The historical building belonged to several high ranked pasha families and khedives, Egyptian governors, from 1848 until 1884, when it was purchased by the Ottoman Treasury on the orders of Sultan Abdülhamid II and presented as a gift to King Nicola I of Montenegro. The mansion served the next 30 years as a royal residence and embassy of Montenegro. In 1913, the Ottoman government repossessed it, which became home to the granddaughter of Sultan Mehmed V Reşad. After the foundation of the Turkish Republic, Prince Mehmed Ali Hasan, grandson of Khedive İsmail Paşa, purchased the then derelict house and commissioned the architect Edouard de Nari to build the present house. However, it remained unused for many years until the elder sister of the Egyptian prince made it her home in 1944.

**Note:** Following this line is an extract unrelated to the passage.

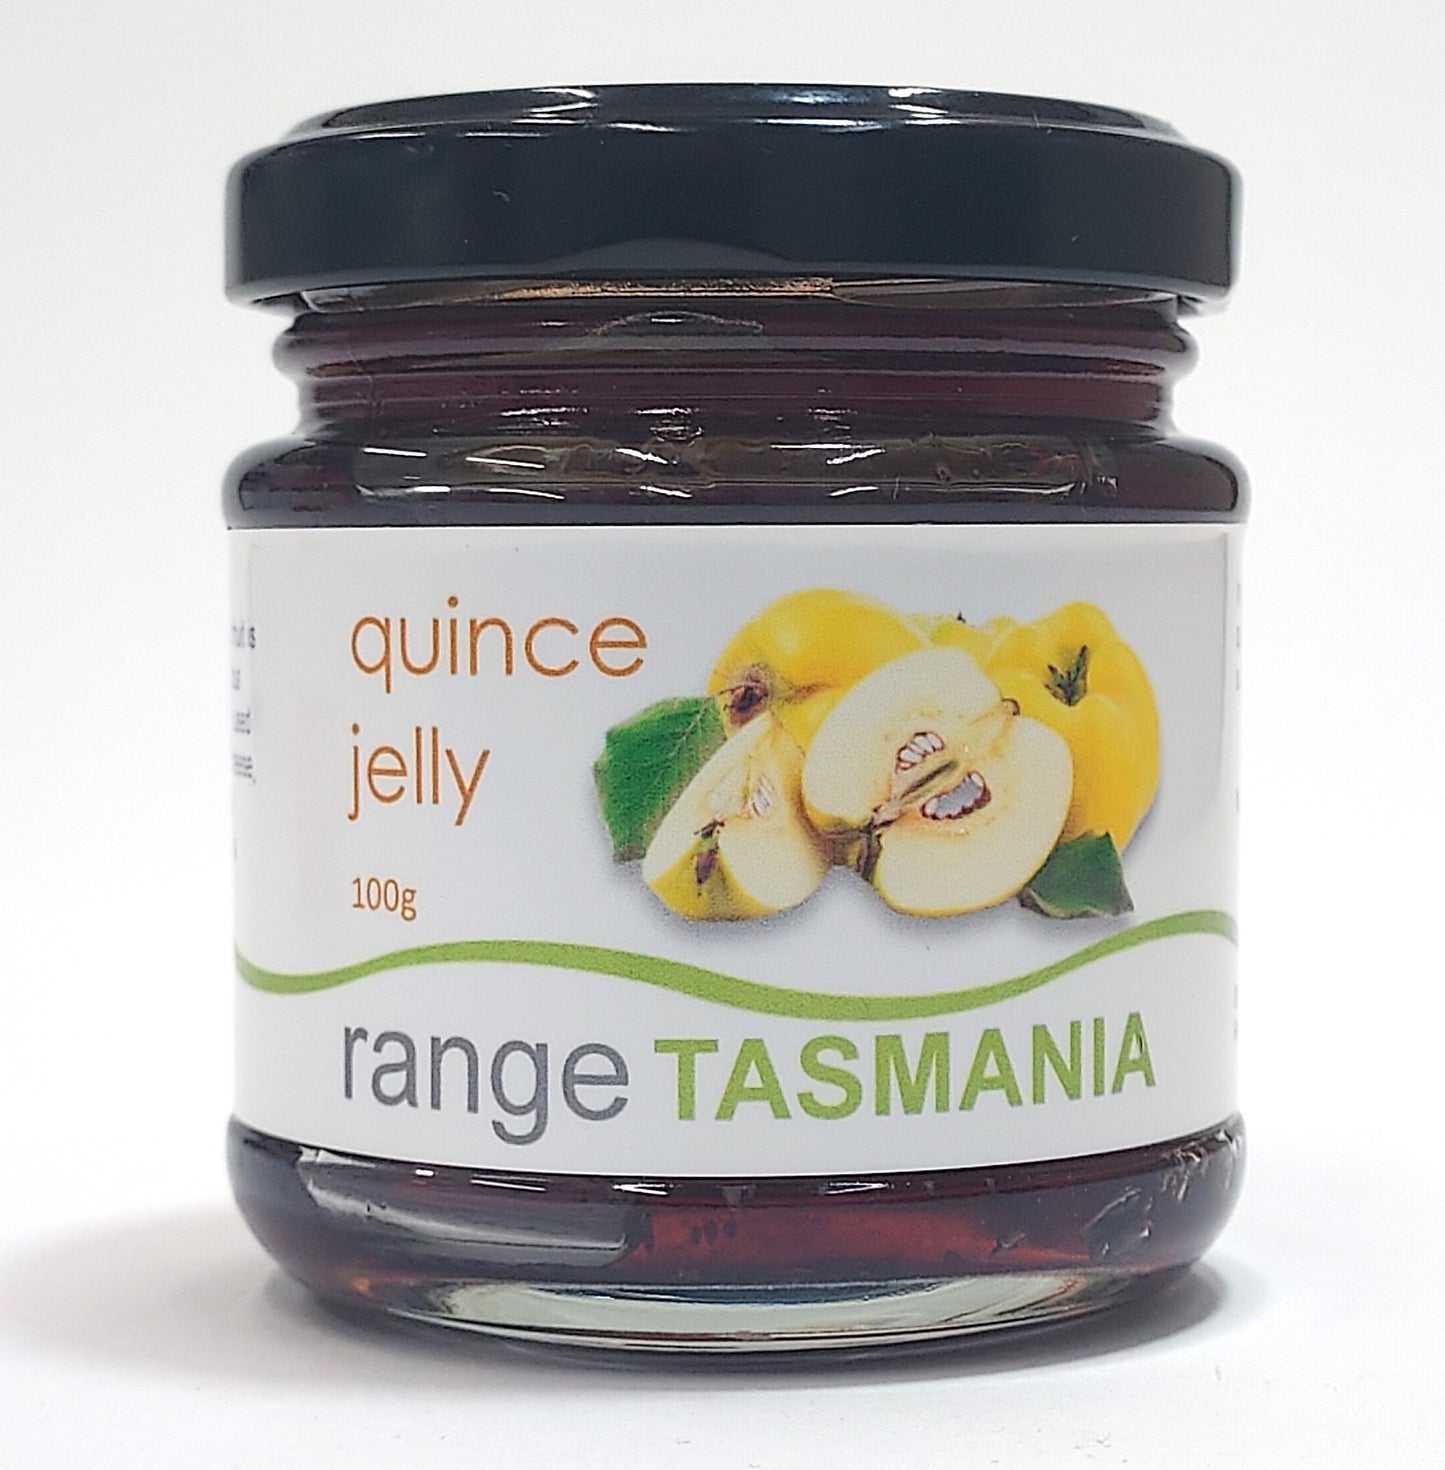 a 100 gram jar of range Tasmania quince jelly

In 1951 Hacı Ömer Sabancı, father of Sakıp Sabancı and founder of Sabancı Holding, purchased the mansion for spending summer months with his family. Inside the entrance gate of his mansion, he placed the bronze statue of a horse, he purchased at an auction. The sculpture was designed by Louis-Joseph Daumas in Paris in 1864 and cast by Vor Thiebaut. The house became popularly known as Atlı Köşk (Equestrian Villa). He and his family lived in the mansion until his decease in 1966. The mansion was home to Sakıp Sabancı and family between 1969 and 1999.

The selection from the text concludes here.